[Dataset section]
━━━
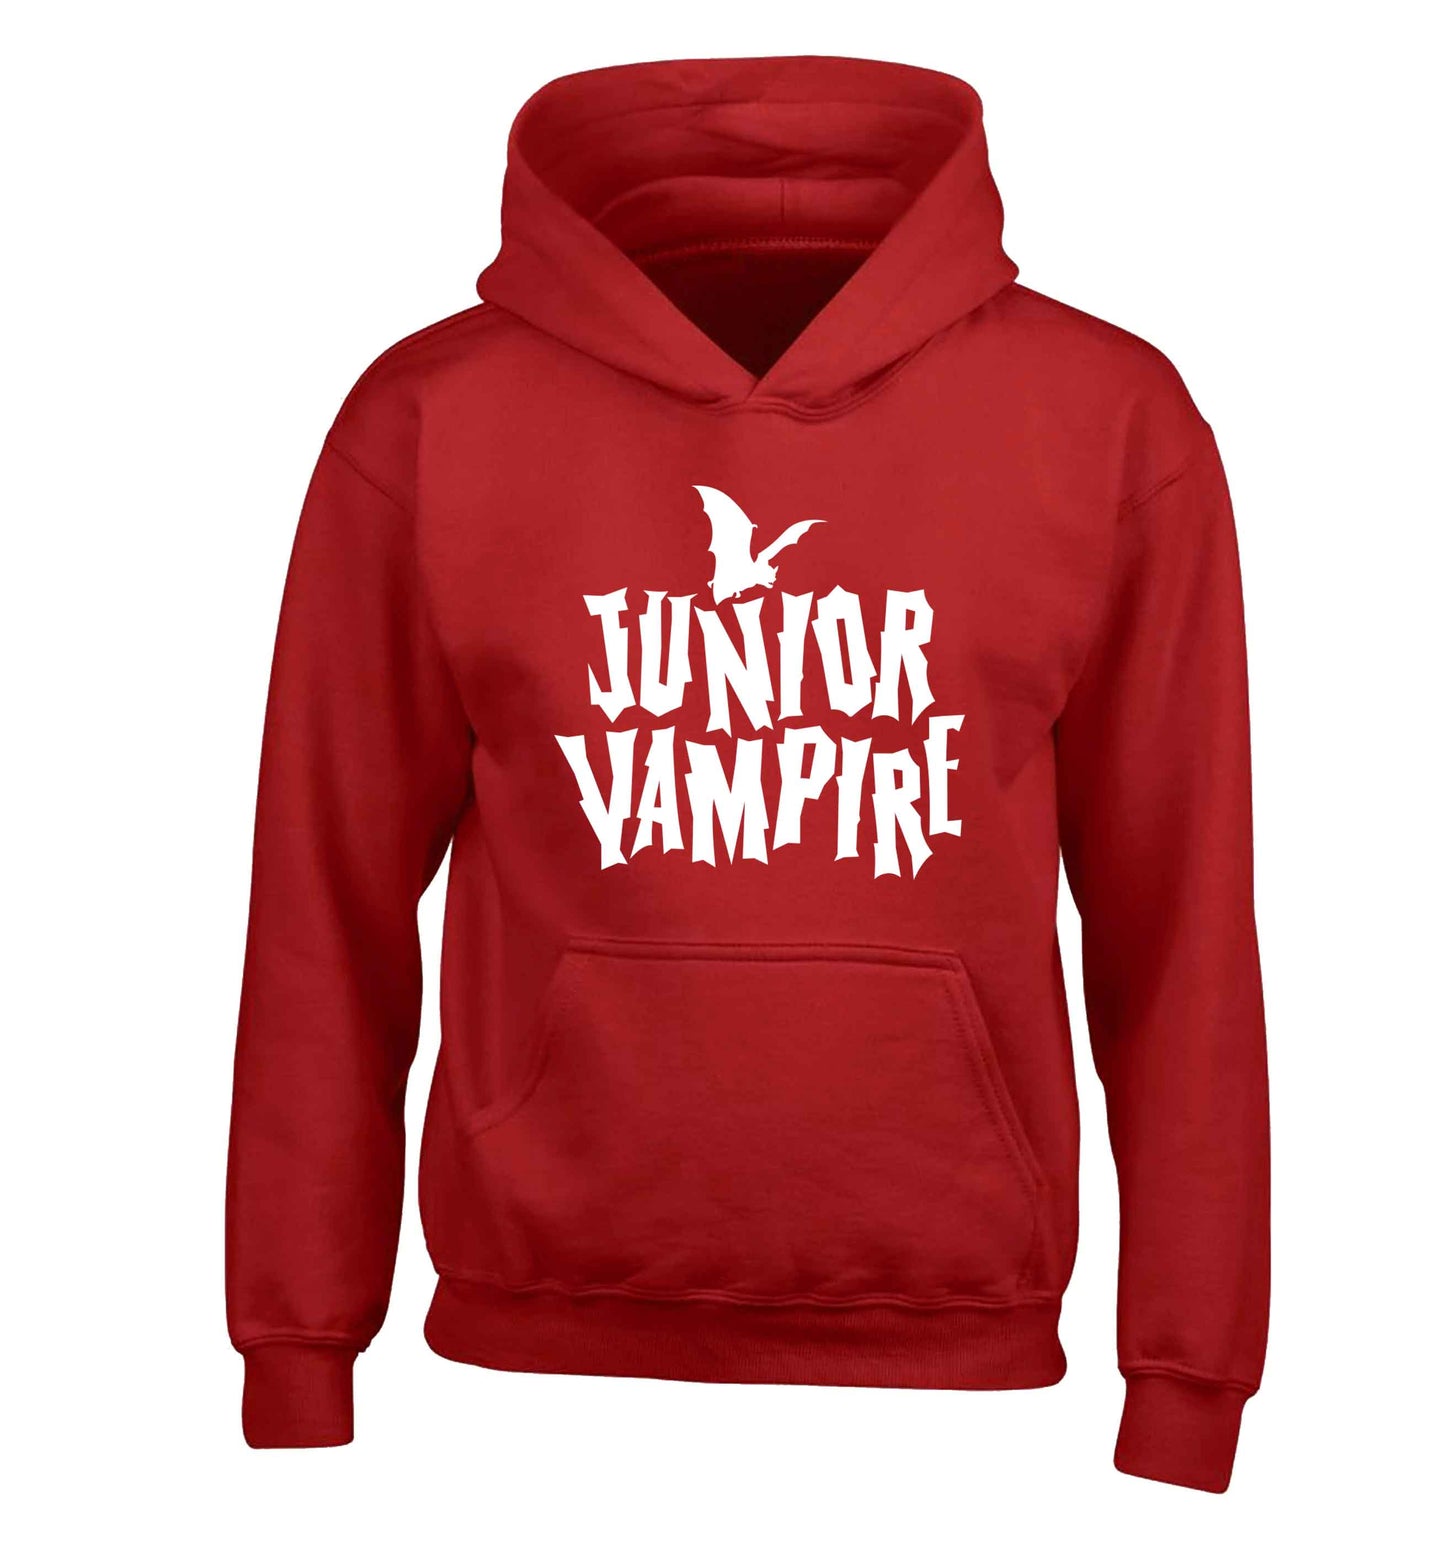 Junior vampire children's red hoodie 12-13 Years
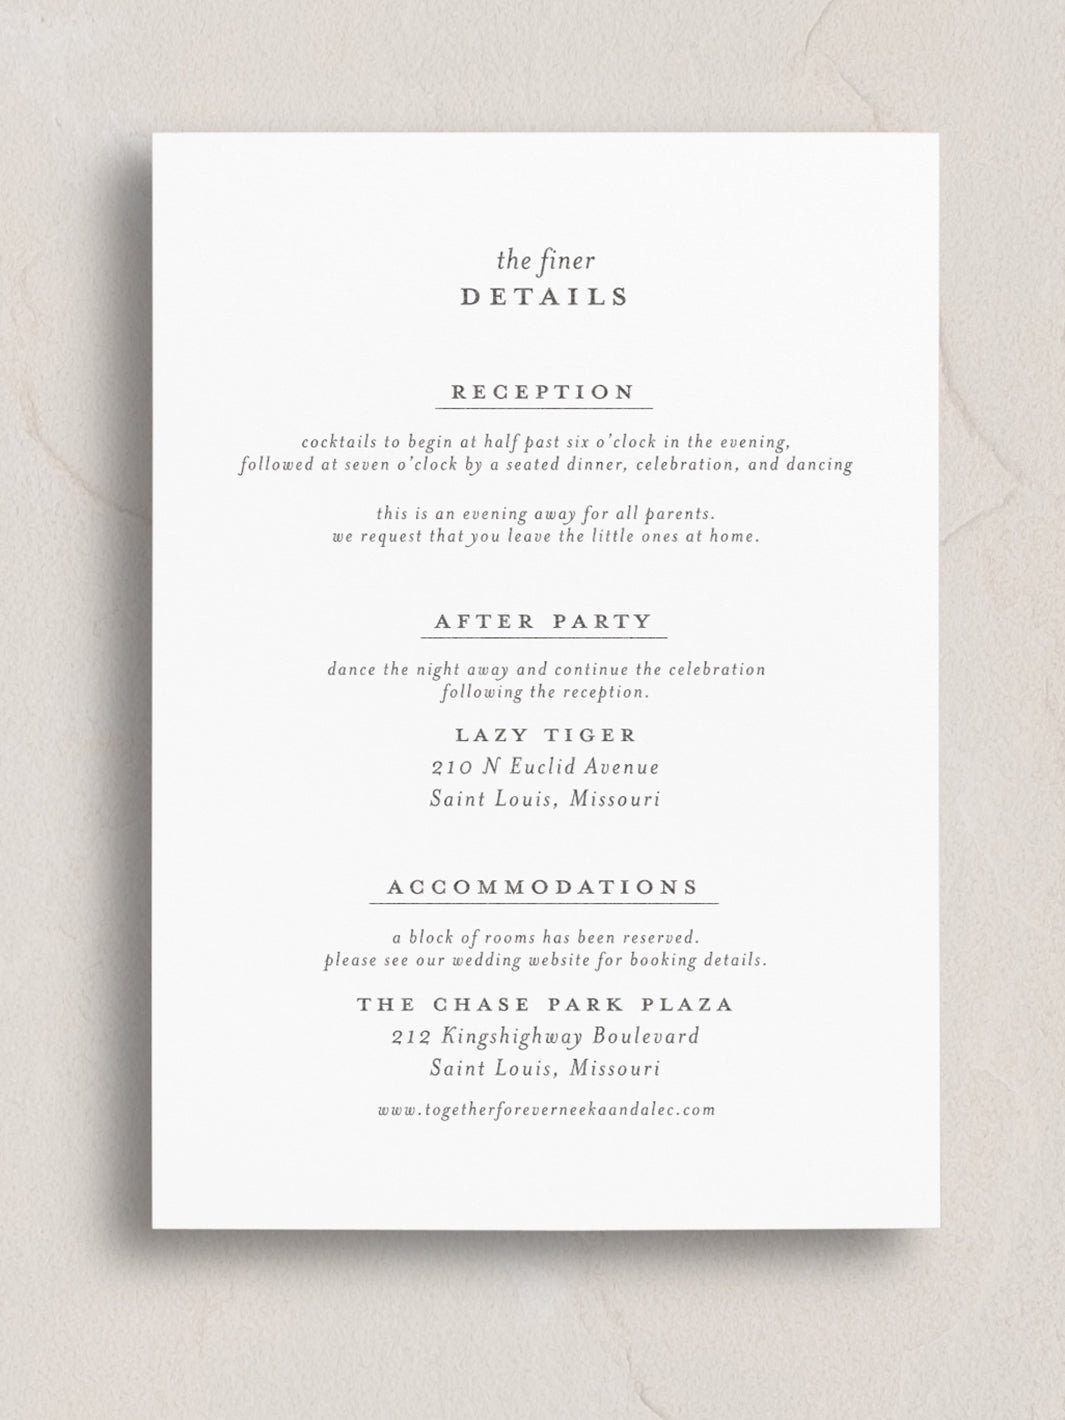 Neeka Semi-Custom Wedding Invitation Suite from Leighwood Design Studio
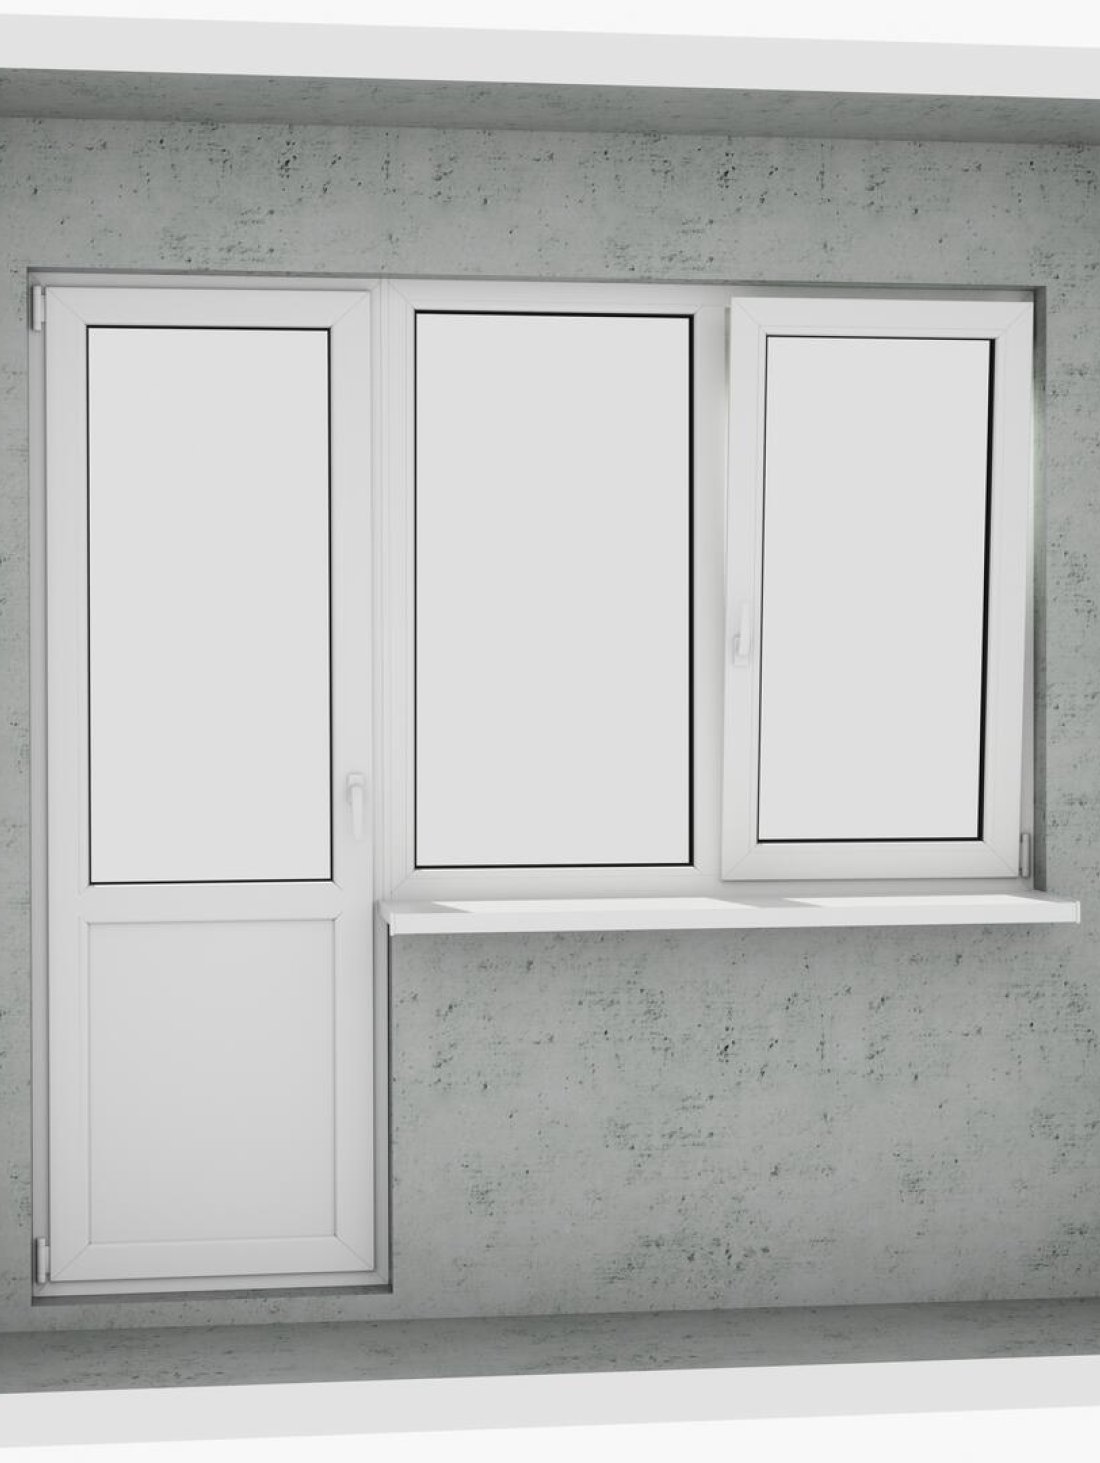 Выход на лоджию (балкон): бюджетный классический белый металлопластиковый балконный блок (дверь без режима проветривания, открывается 1 половинка окна) - Паритет
━━━
[Task description] Reproduce the material exactly; keep pictures out.

[Exercise result]
 Junior vampire children's red hoodie 12-13 Years
 Neeka Semi-Custom Wedding Invitation Suite from Leighwood Design Studio
 Выход на лоджию (балкон): бюджетный классический белый металлопластиковый балконный блок (дверь без режима проветривания, открывается 1 половинка окна) - Паритет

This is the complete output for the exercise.